====== Study material ======

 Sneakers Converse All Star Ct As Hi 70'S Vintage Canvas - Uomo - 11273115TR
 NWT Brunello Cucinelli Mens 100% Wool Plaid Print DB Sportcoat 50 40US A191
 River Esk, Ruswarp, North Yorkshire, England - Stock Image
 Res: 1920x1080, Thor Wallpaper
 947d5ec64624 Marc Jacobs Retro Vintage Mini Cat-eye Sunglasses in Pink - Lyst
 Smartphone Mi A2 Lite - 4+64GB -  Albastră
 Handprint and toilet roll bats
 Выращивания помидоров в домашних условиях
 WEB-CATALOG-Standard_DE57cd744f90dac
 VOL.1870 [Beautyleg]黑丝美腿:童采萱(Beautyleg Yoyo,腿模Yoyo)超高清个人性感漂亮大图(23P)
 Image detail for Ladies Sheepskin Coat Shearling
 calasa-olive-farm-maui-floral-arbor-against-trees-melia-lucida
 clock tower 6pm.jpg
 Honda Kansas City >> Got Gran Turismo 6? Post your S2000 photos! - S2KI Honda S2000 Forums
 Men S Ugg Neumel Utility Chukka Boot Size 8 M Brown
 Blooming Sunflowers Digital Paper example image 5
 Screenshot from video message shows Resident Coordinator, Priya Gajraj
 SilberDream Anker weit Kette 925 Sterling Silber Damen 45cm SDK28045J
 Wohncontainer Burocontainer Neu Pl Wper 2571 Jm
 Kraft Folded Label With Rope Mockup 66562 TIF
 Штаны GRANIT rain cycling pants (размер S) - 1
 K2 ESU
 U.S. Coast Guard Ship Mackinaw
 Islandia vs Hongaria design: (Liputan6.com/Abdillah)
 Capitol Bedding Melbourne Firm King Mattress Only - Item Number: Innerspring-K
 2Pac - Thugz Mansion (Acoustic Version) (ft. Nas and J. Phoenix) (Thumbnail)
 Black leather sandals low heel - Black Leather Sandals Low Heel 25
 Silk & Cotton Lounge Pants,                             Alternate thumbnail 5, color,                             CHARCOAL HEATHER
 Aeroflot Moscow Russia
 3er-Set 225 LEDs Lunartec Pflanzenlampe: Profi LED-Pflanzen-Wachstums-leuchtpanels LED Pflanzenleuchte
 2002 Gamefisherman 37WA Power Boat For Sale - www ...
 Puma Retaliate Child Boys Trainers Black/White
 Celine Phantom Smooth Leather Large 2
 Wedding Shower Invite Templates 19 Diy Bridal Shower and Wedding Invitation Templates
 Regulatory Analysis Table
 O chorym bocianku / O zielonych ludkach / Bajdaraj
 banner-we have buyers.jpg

======

**Directions for this task**:
Only the lines containing "Black" are needed; pull them out of the listing.

**Task result**:
 Black leather sandals low heel - Black Leather Sandals Low Heel 25
 Puma Retaliate Child Boys Trainers Black/White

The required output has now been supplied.